PHP Master | Data Structures for PHP Devs: Trees

In a previous article I introduced two basic data structures: stack and queue. The article was well received so I’ve decided to share data structures in an intermittent on-going series here at SitePoint. In this entry I’ll introduce you to trees, another data structure used in software design and architecture. More articles and data structures will follow!

Key Takeaways

Tree data structures in PHP are hierarchical, implying a parent-child relationship between nodes, and are beneficial for representing hierarchical relationships, organizing data, and facilitating efficient search and sort operations.
Tree traversal in PHP involves visiting each node in the tree data structure once. The three common methods are pre-order, in-order, and post-order traversal.
Implementing a tree data structure in PHP involves creating a class for the tree nodes. Each node will have a value and an array to hold its children. You can then create methods to add and remove nodes, as well as to traverse the tree.
Balancing a tree in PHP involves rearranging the nodes so that the depth of the left and right subtrees of every node differs by at most one. This can be achieved using various algorithms, such as the AVL or Red-Black tree algorithms. Balancing a tree can improve the efficiency of search operations.

A Search Problem

Data structure management generally involves 3 types of operations:

insertion – operations that insert data into the structure.
deletion – operations that delete data from the structure.
traversal – operations that retrieve data from the structure.

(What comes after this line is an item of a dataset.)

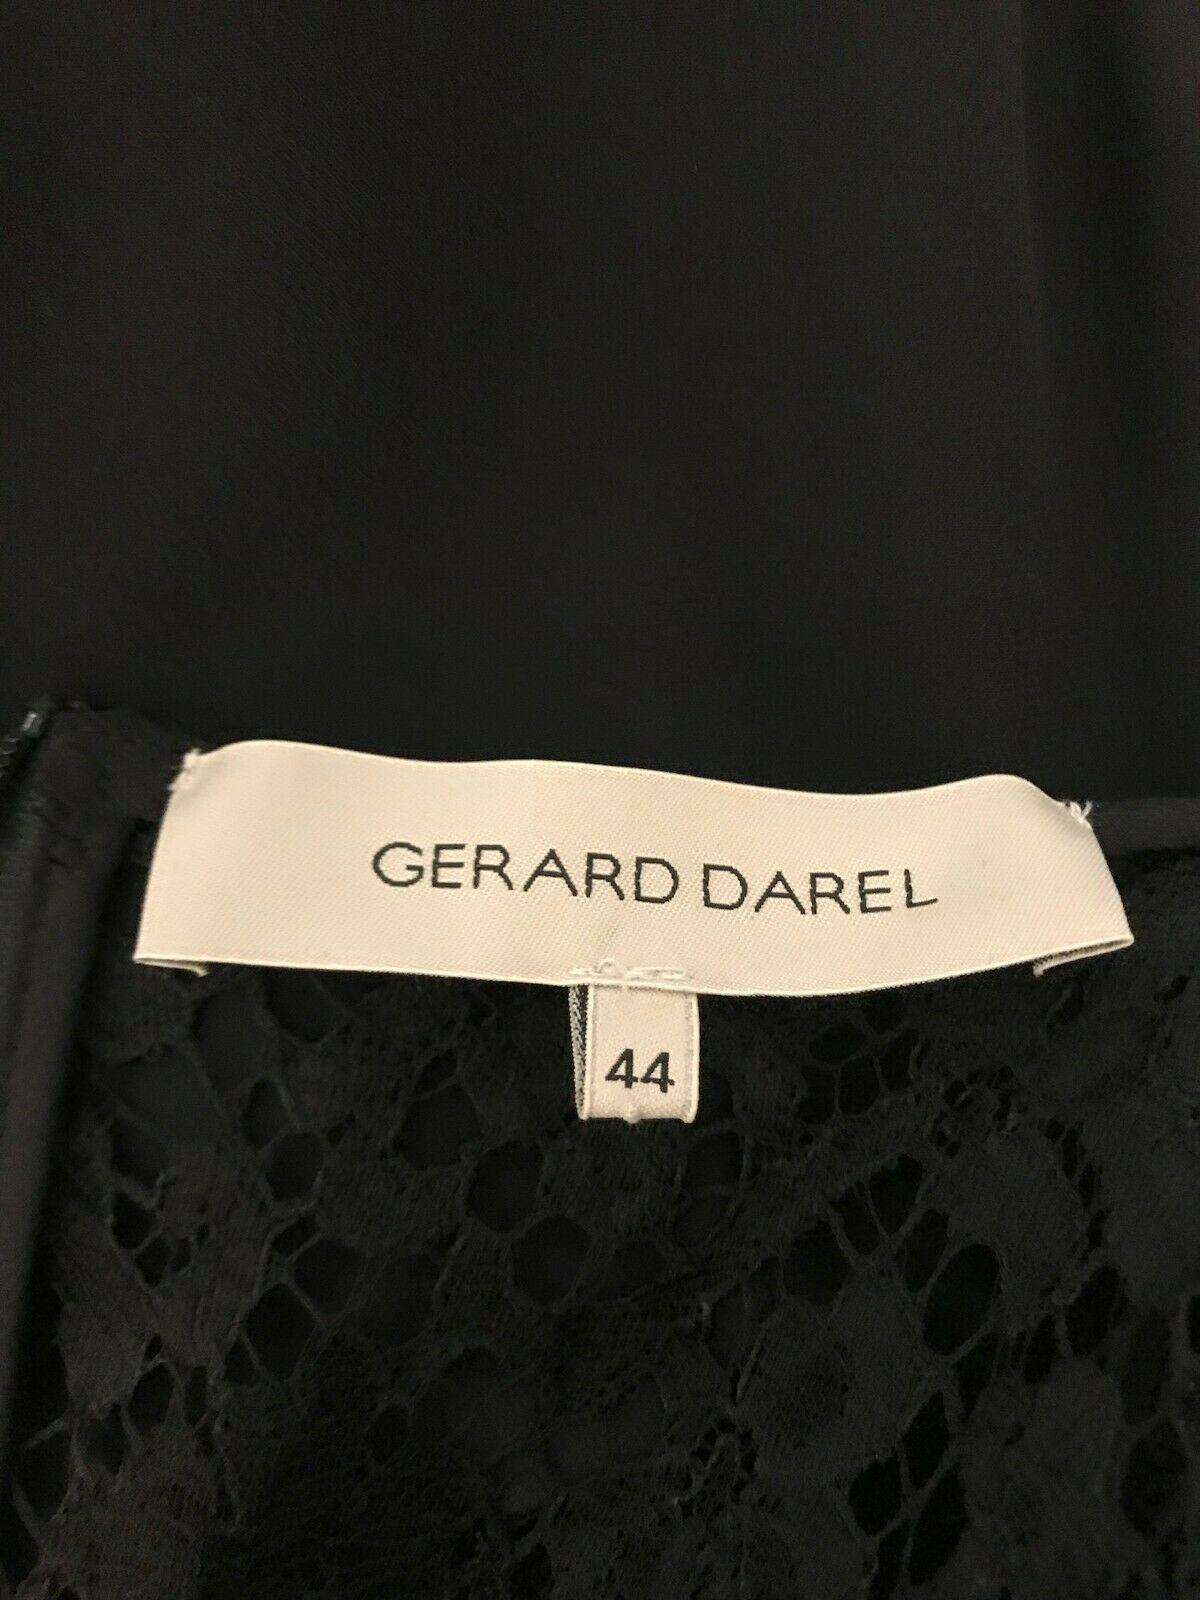 Gerard Darel Black Lace Short Sleeve Pencil Dress UK 16 US 12 EU 44 Timeless Fashions

In the case of stacks and queues, these operations are position-oriented – that is, they are limited by the position of the item in the structure. But what if we needed to store and retrieve data by its value?

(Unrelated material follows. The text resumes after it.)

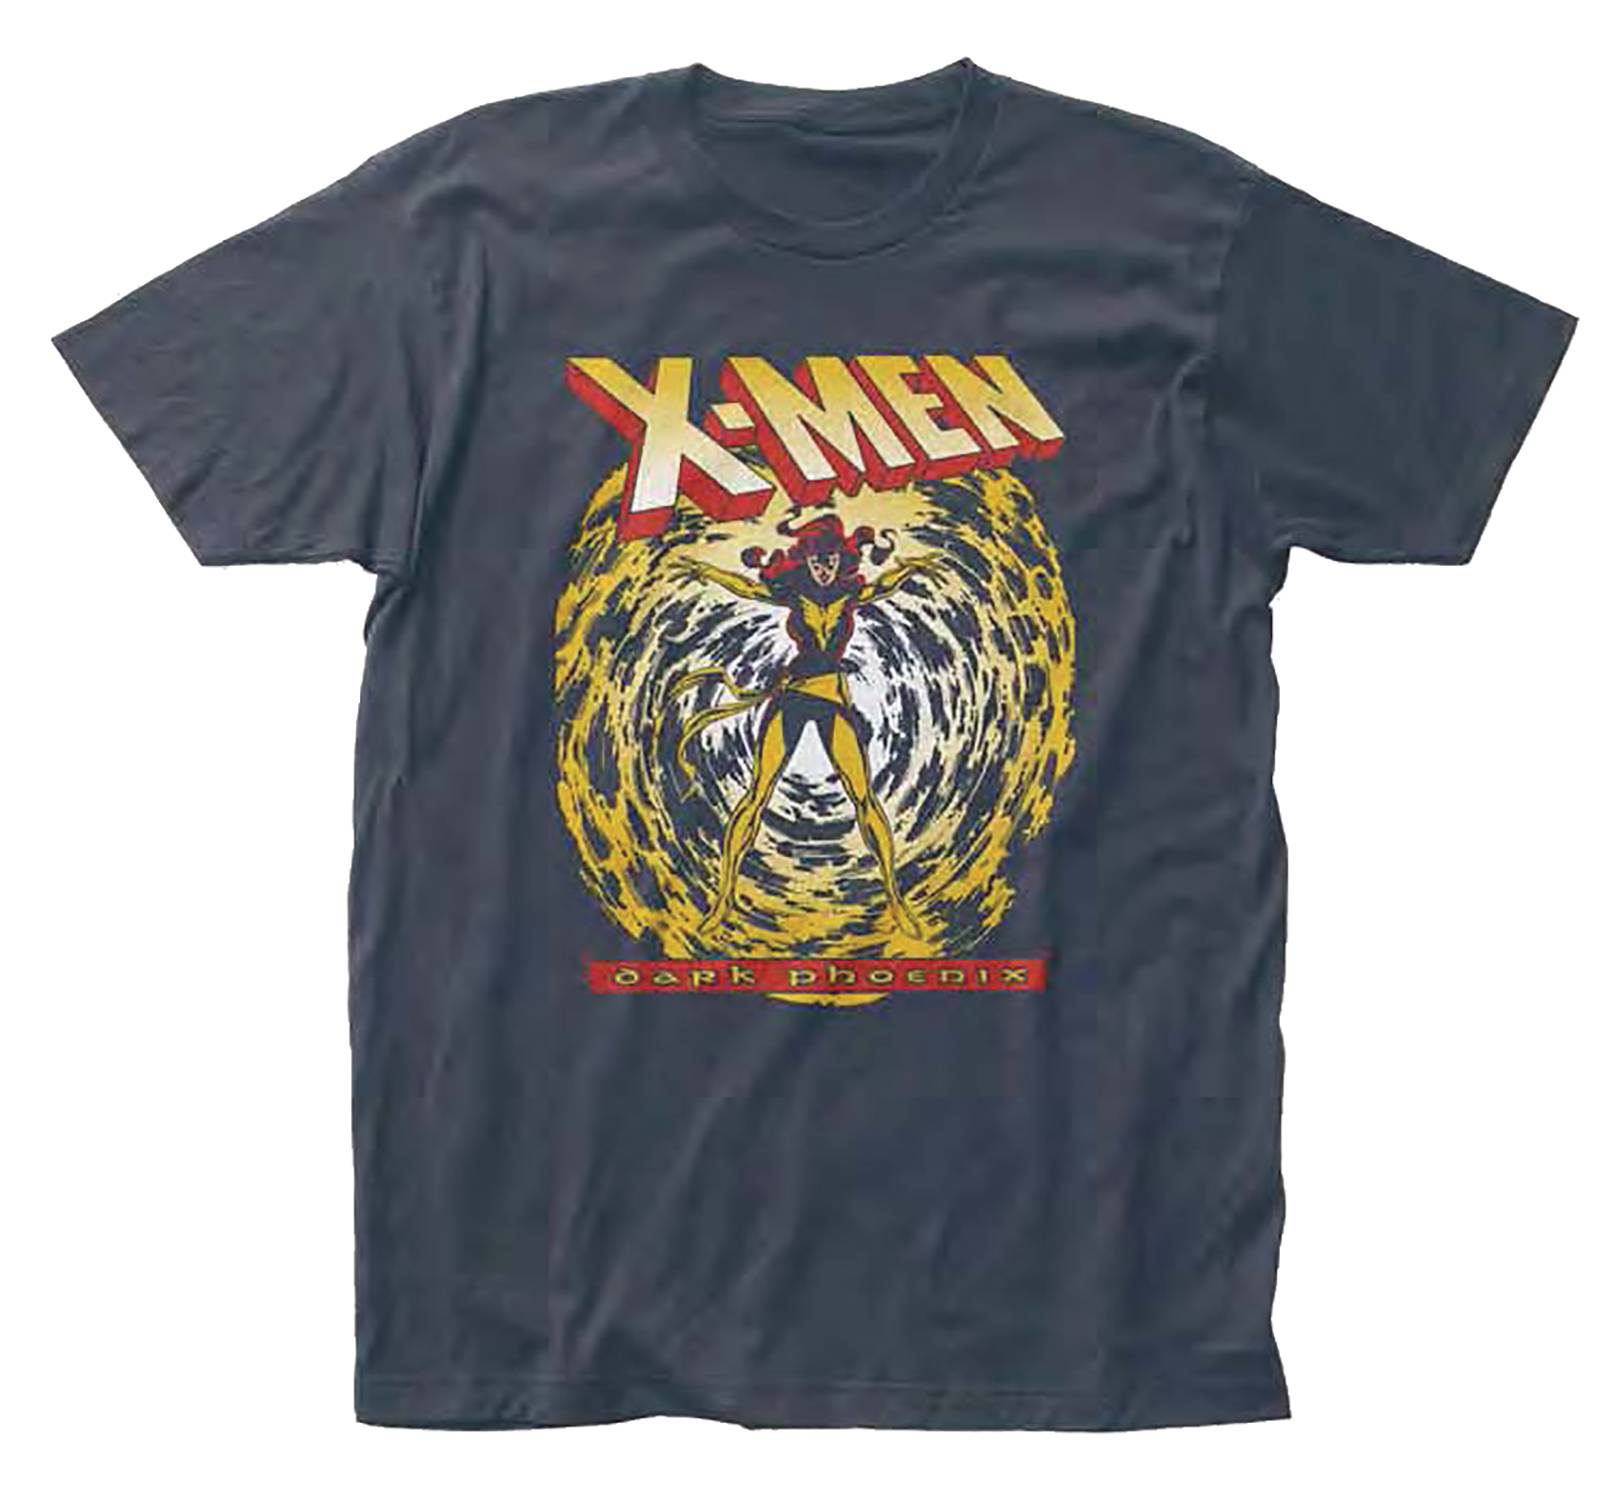 Marvel Heroes Dark Phoenix Px Navy T-Shirt Medium

Consider the following list (arranged in no particular order):

tree-01

Clearly neither a stack nor queue would be suitable; we would potentially have to traverse the entire structure in order to find a particular entry if the value is either the last in the list or is not in the list at all. Assuming that the required value is in the list, and that each item is equally likely to contain the required value, we would need to visit an average of n/2 items – where n is the length of the list. The longer the list, the longer it will take to find what we’re looking for. What is required in this instance is the ability to arrange the data in a way that facilitates searching, which is where trees come in.

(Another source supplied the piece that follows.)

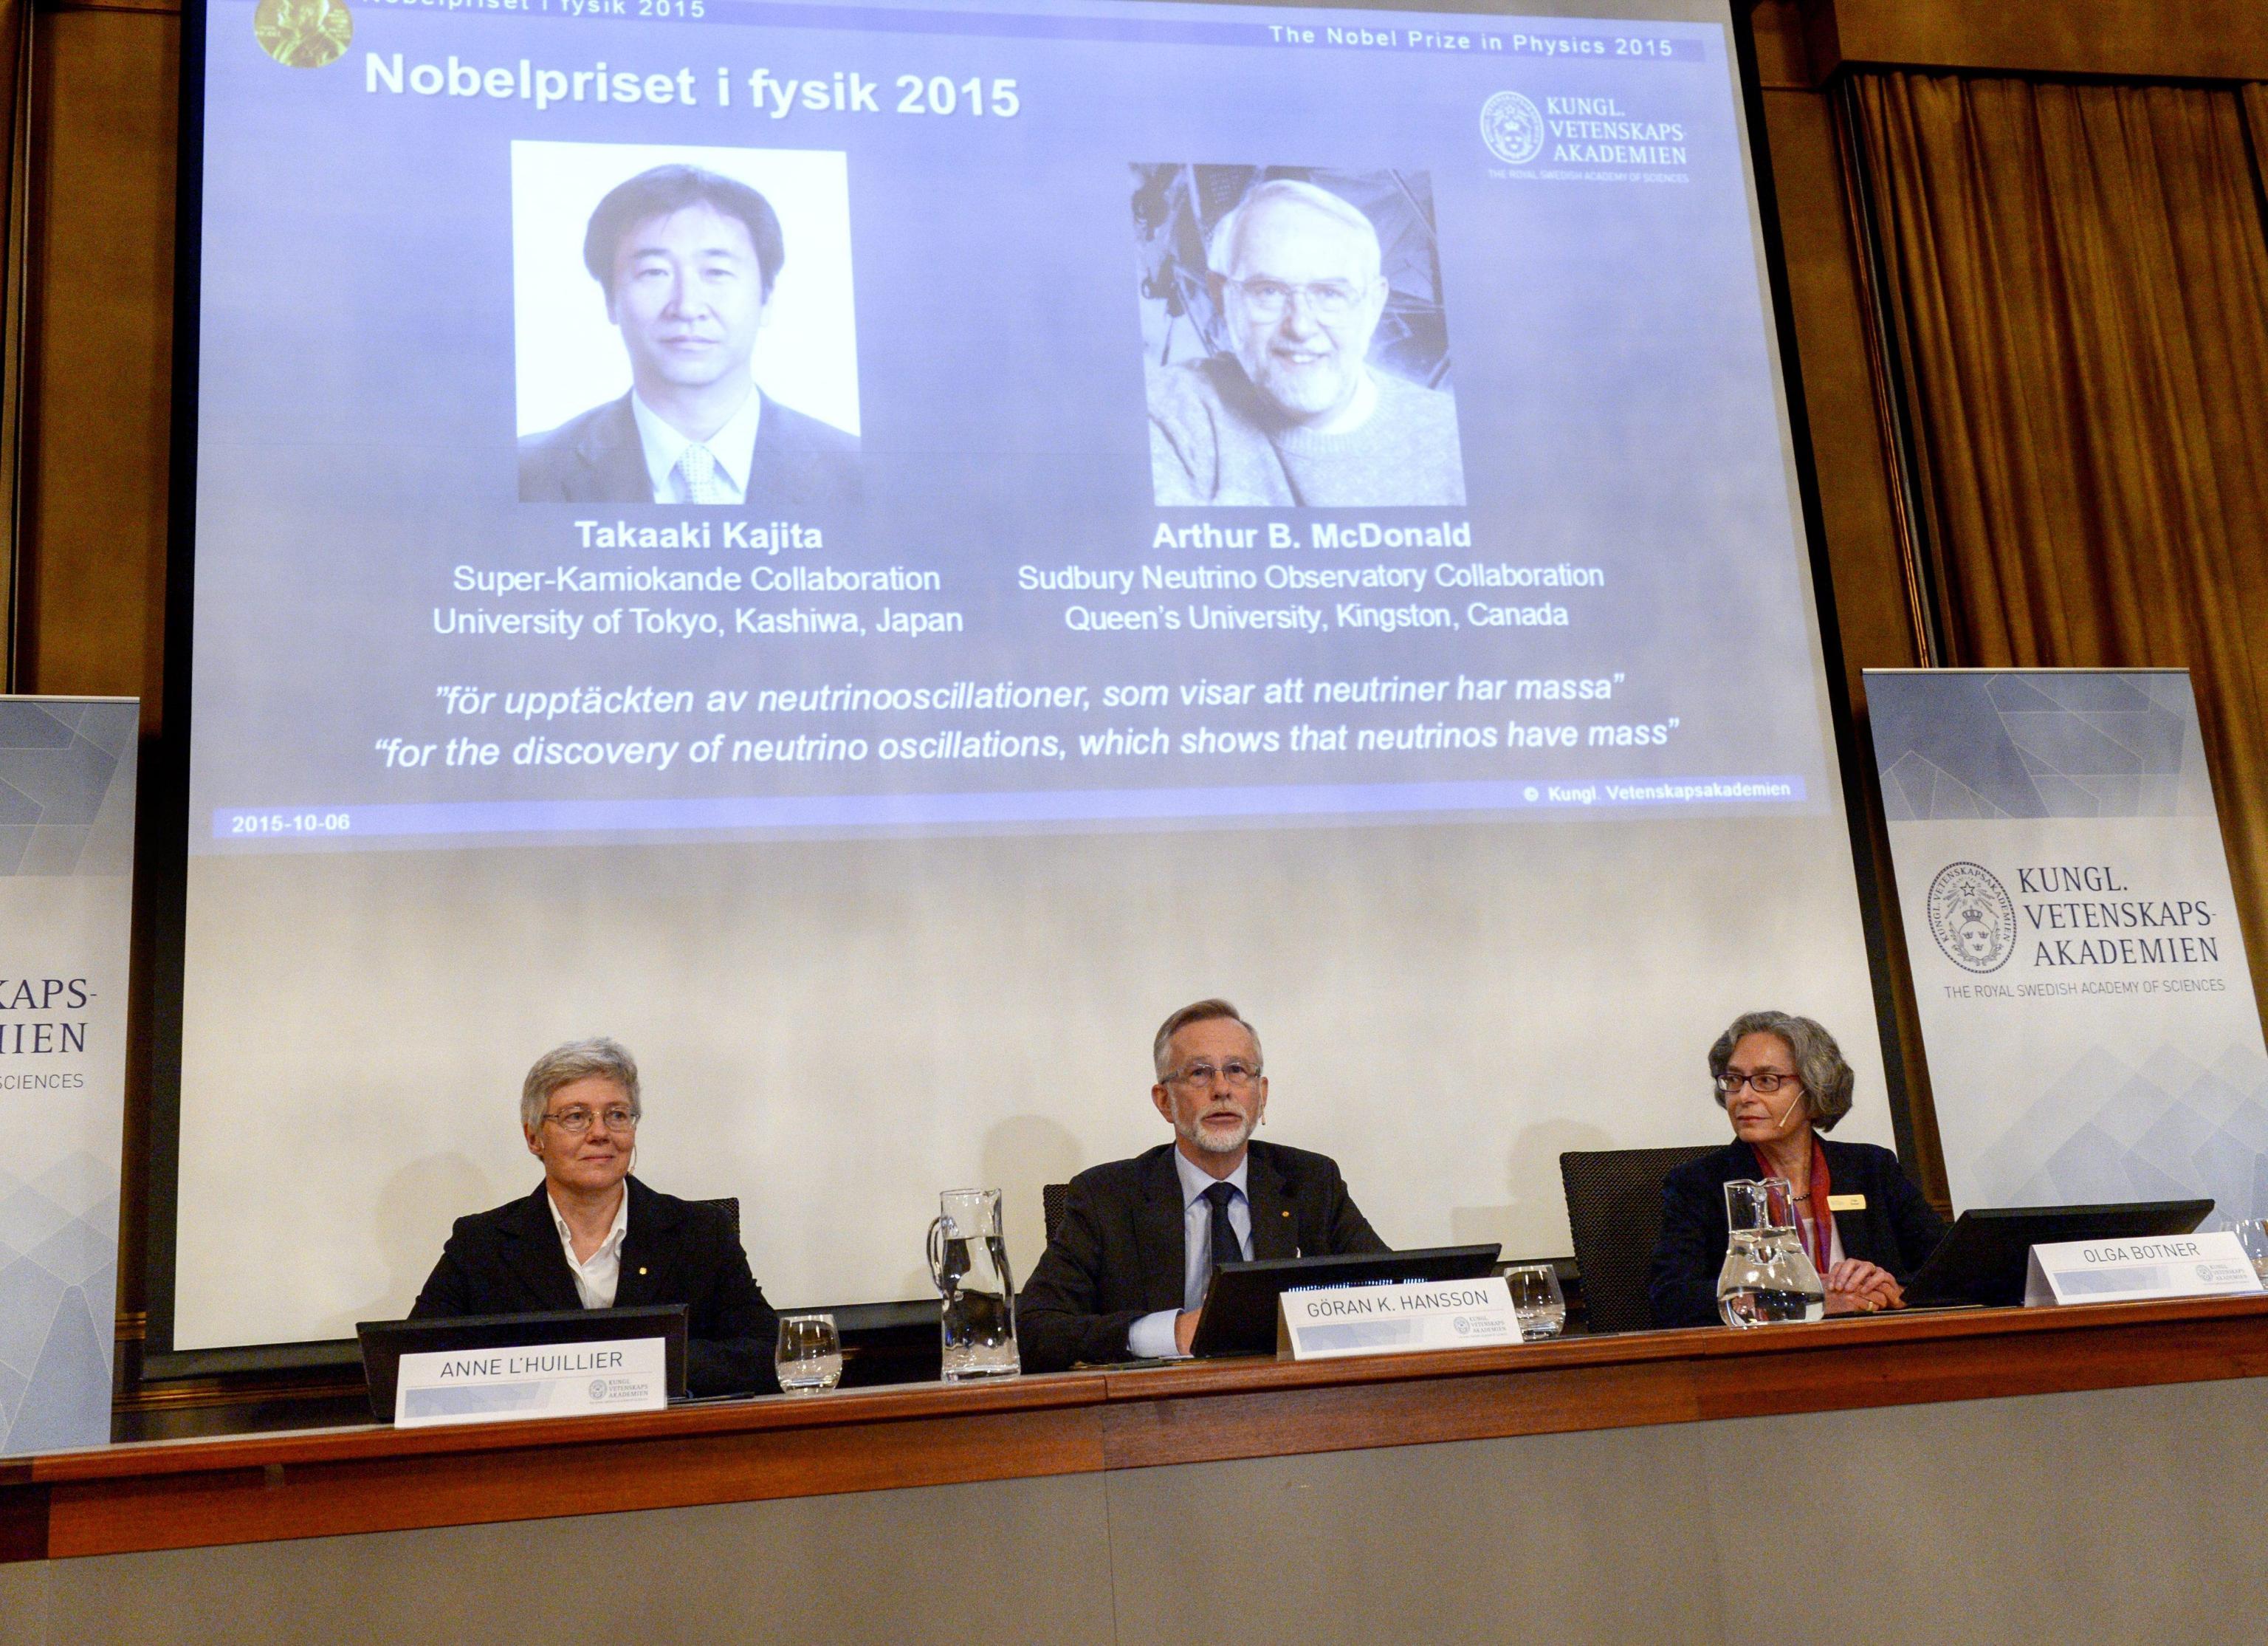 The Nobel judges awarded the Nobel physics prize jointly to Takaaki Kajita of Japan and Arthur B McDonald of Canada 'for the discovery of neutrino oscillations'

We can abstract this data as a “table” with the following basic operations:

create – create an empty table.
insert – add an item to the table.
delete – remove an item from the table.
retrieve – find an item in the table.

If this looks vaguely similar to database Create, Read, Update, Delete (CRUD) operations, that’s because trees are intimately related to databases and and how they represent data records internally.

One way we can represent our “table” is as a linear implementation – such that it mirrors the flat, list-like appearance of a table. Linear implementations can either be sorted or unsorted, and sequential (i.e. fixed-length records or variable-length using record delimiters) or linked (using record pointers). For what it’s worth, early database designs such as IBM’s Indexed Sequential Access Method (ISAM) and legacy file systems such as MS-DOS’s File Allocation Table (FAT) were based on linear implementations.

The downside of sequential implementations is that they are more expensive in terms of inserts and deletes, whereas linked implementations allow for dynamic storage allocation. Searching a fixed-length sequential implementation however is considerably more efficient than a linked implementation since it can more easily facilitate a binary search.

Trees

So as we’ve learned, sometimes it may be more efficient to use a non-linear search implementation such as a tree. Trees provide the best features of both sequential and linked table implementations and support all table operations in a very efficient manner. For this reason, many modern databases and file systems now use trees to facilitate indexing. For example, MySQL’s MyISAM storage engine uses Trees for indices, and Apple’s HFS+, Microsoft’s NTFS, and btrfs for Linux all use trees for directory indexing.

tree-02

As you can see, trees are typically hierarchical and imply a parent-child relationship between the nodes. A node with no parents is called the root, and a node with no children is called a leaf. Child nodes of the same parent are called siblings. The term edges refers to the connections (indicated by arrows) between nodes.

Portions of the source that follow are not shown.